To address these issues and/or other issues, in some embodiments, a system may provide a HIPAA-eligible conversational intelligence capability trained to understand patient-physician conversations across diverse medical specialties. In order to overcome accuracy problems of current machine learning models, a medical transcription engine may be trained using medical training data that includes annotated medial entities that the medical transcription engine is to be trained to detect. Also, a medical natural language processing engine may be trained with annotated versions of medical transcripts generated by the medical transcription engine. Additionally, instead of using a single (or shared) machine learning model to perform various tasks involved in summary generation from a transcript, different tasks involved in generating a summary may be separated out into discrete tasks of a workflow performed by a medical natural language processing engine. Additionally, discrete machine learning models may be trained to perform respective ones of the discrete tasks of the workflow, wherein the discrete machine learning models are trained to perform a narrow task and are also trained using specialized training data (that has been annotated), wherein the specialized training data is based on outputs generated by a preceding task in the workflow, wherein the preceding task uses its own discrete machine learning model specially trained to perform a narrow task involved in the preceding task in the workflow. In this way, highly accurate medical transcripts may be generated with a high-level of confidence. For example, a single machine learning model that has been trained to go directly from an input transcript to an output summary may make errors in the summary, such as attributing phrases spoken by a patient to be marked as if they were spoken by a physician, incorrectly stating a drug name or dosage, etc. However, when separated into discrete tasks and integrated together via shared data that builds on a preceding task, a medical natural language processing engine comprising multiple specially trained machine learning models may be configured to identify phrase attribution with very low error, and identify medical entities, such as drug names and dosages, with high accuracy, as well as perform other summarization tasks with a high-level of accuracy and confidence.

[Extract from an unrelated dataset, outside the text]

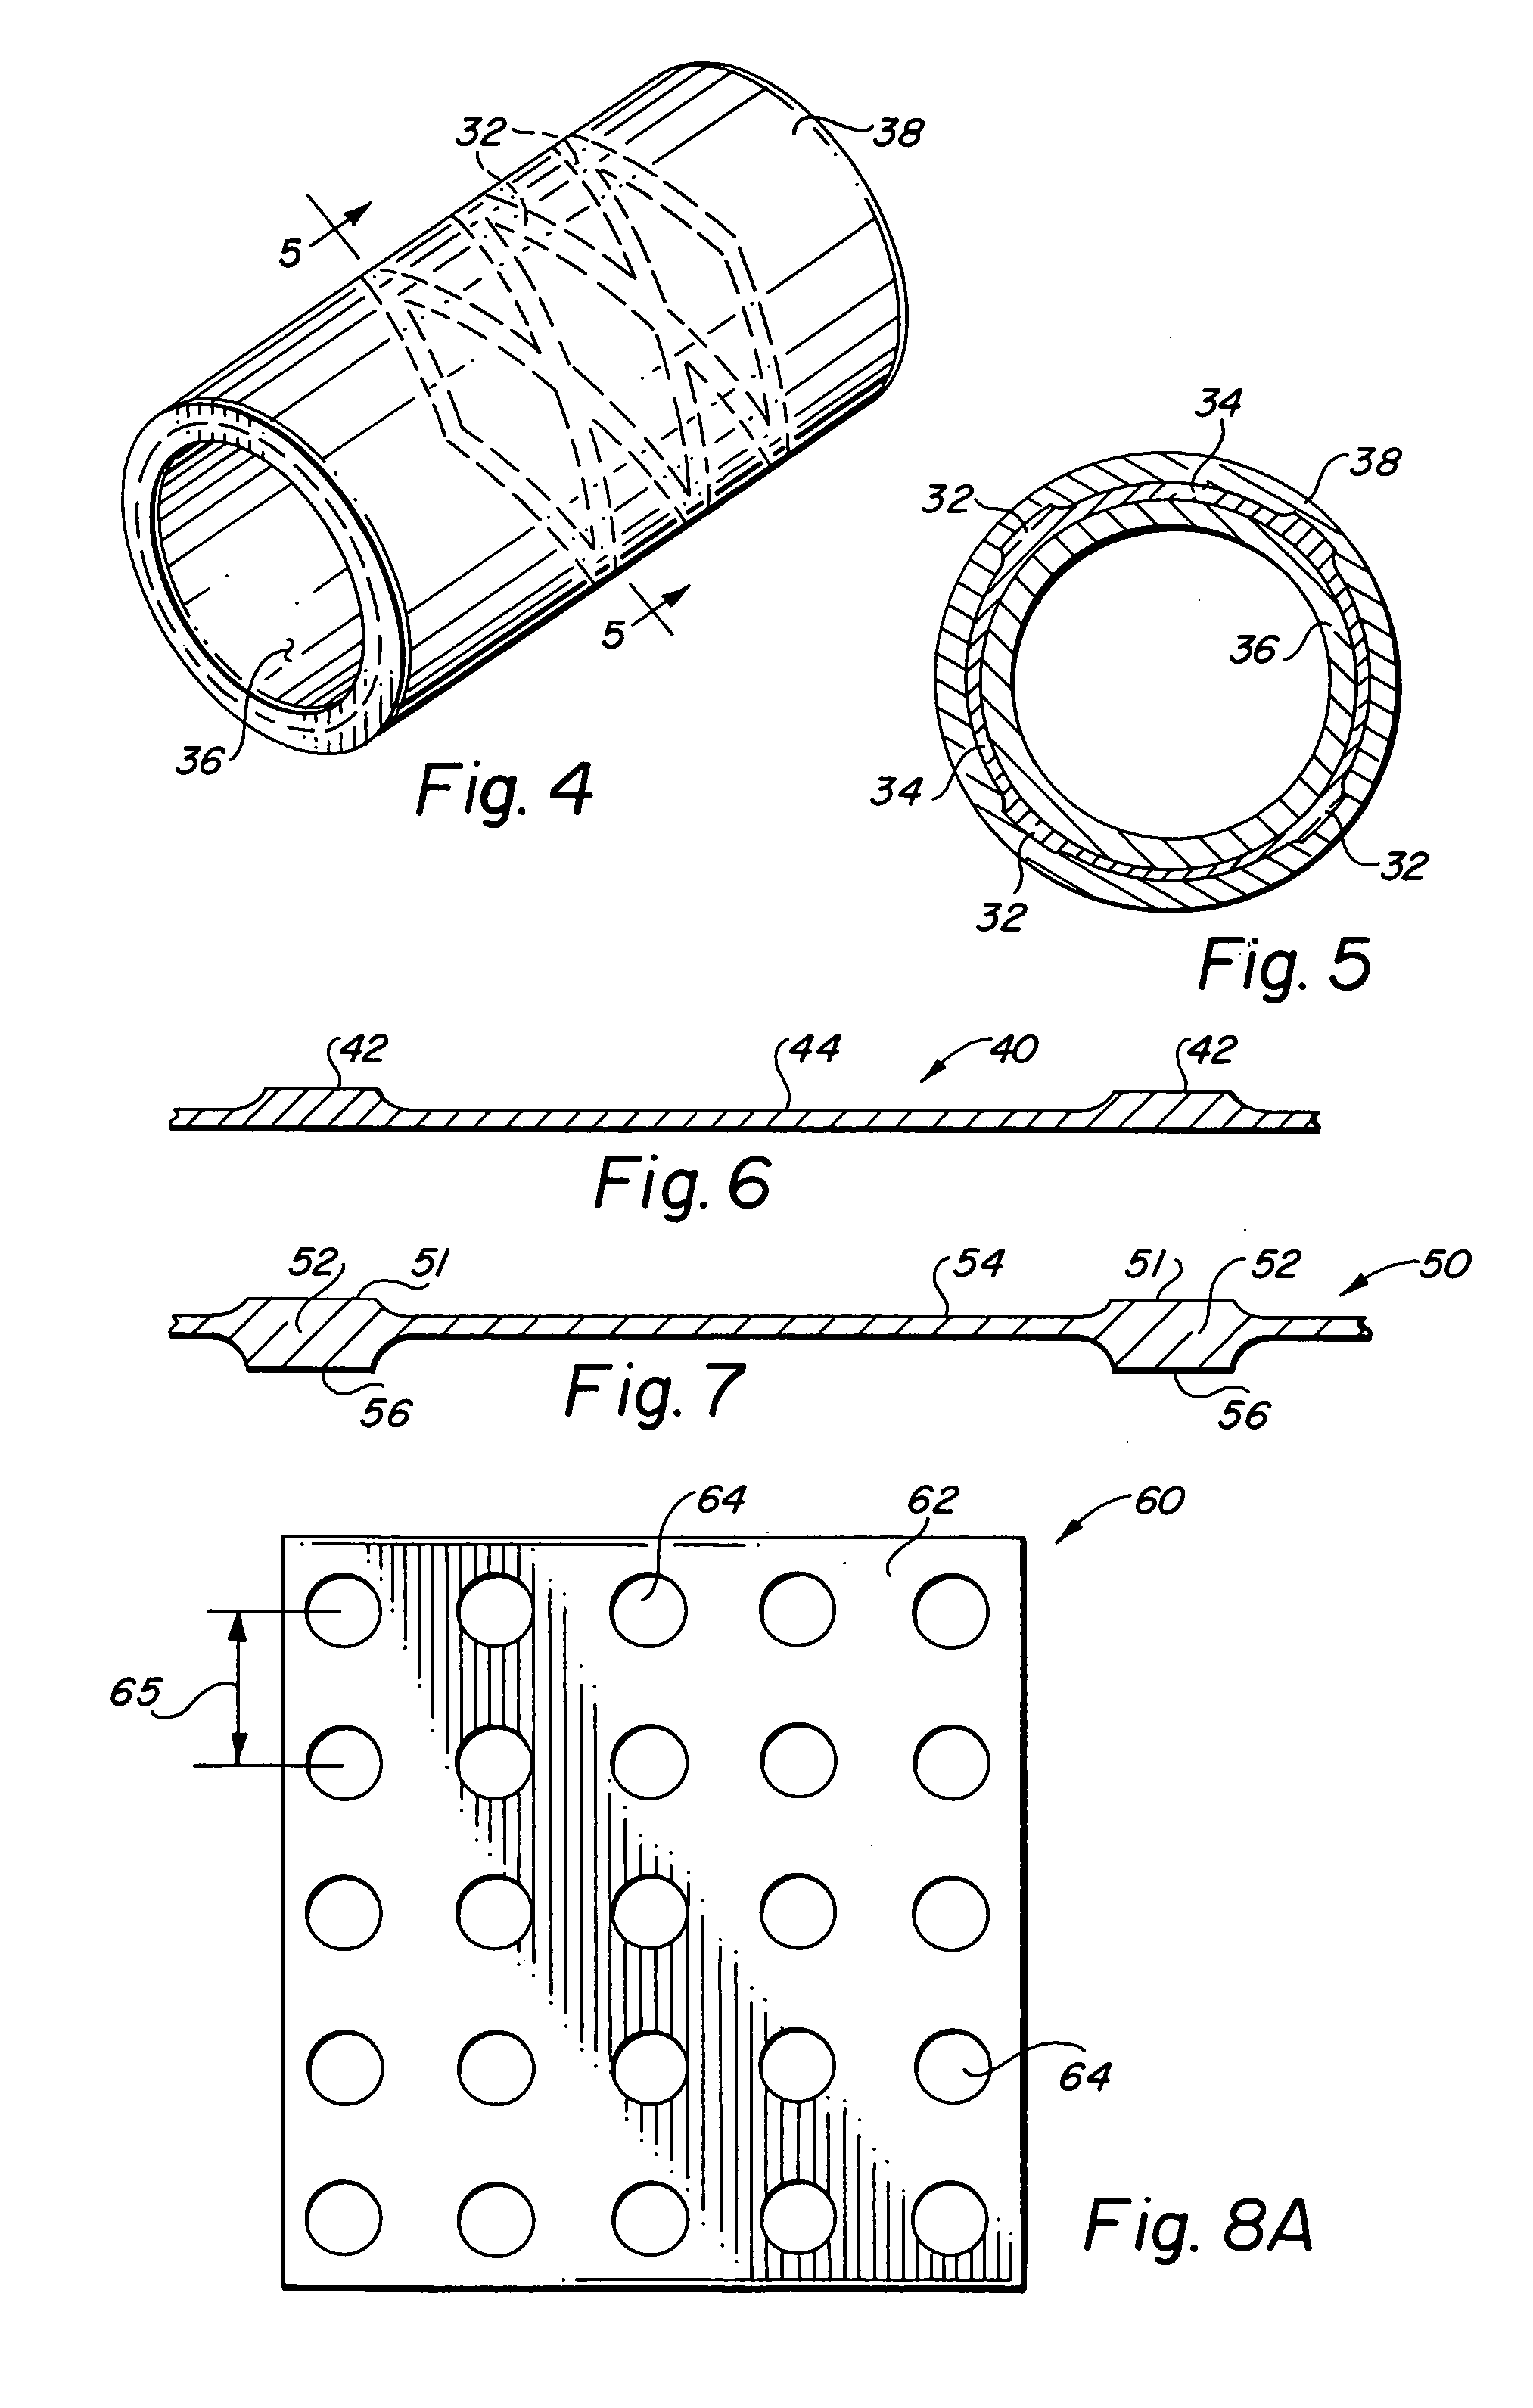 Self-supporting laminated films, structural materials and medical devices manufactured therefrom and methods of making same

In some embodiments, a medical audio summarization service may receive a request to generate a transcript and a summary of a medical conversation, with a medical conversation job packet to be summarized, including audio data and meta data of the medical conversation. In some embodiments, the transcript may be generated via a medical transcription service based on the audio data from the medical conversation job packet. In some embodiments, the transcript may be generated while the medical conversation is occurring. The transcription service may receive audio data from the medical conversation and may begin to generate the transcript while continuing to receive audio data from the same medical conversation. The transcript and meta data may be provided to a medical natural language processing service to generate a summary of the medical conversation using the transcript.
To generate the summary of the medical conversation, a plurality of specialized machine learning models may be implemented to perform discrete tasks, such as identify medical entities and speaker roles in the transcript, determine sections of the transcript corresponding to the summary, extract phrases for the summary, and/or abstract phrases for the summary. In some embodiments, medical entities including but not limited to medical terms for medicines and diseases may be identified in the transcript using a first machine learning model. Using a second machine learning model, speaker roles, such as physician and patient, may be identified. Portions of the transcript that correspond to subject matter of sections for the summary may be determined using a third machine learning model. The third machine learning model or a fourth machine learning model may be implemented to extract phrases from the sections for the summary or to abstract phrases for the summary. In some embodiments, the abstracting phrases may be performed by paraphrasing from the sections of the transcript. The summary may then be generated using the identified medical entities, identified speaker roles, determined sections, and extracted/abstracted phrases.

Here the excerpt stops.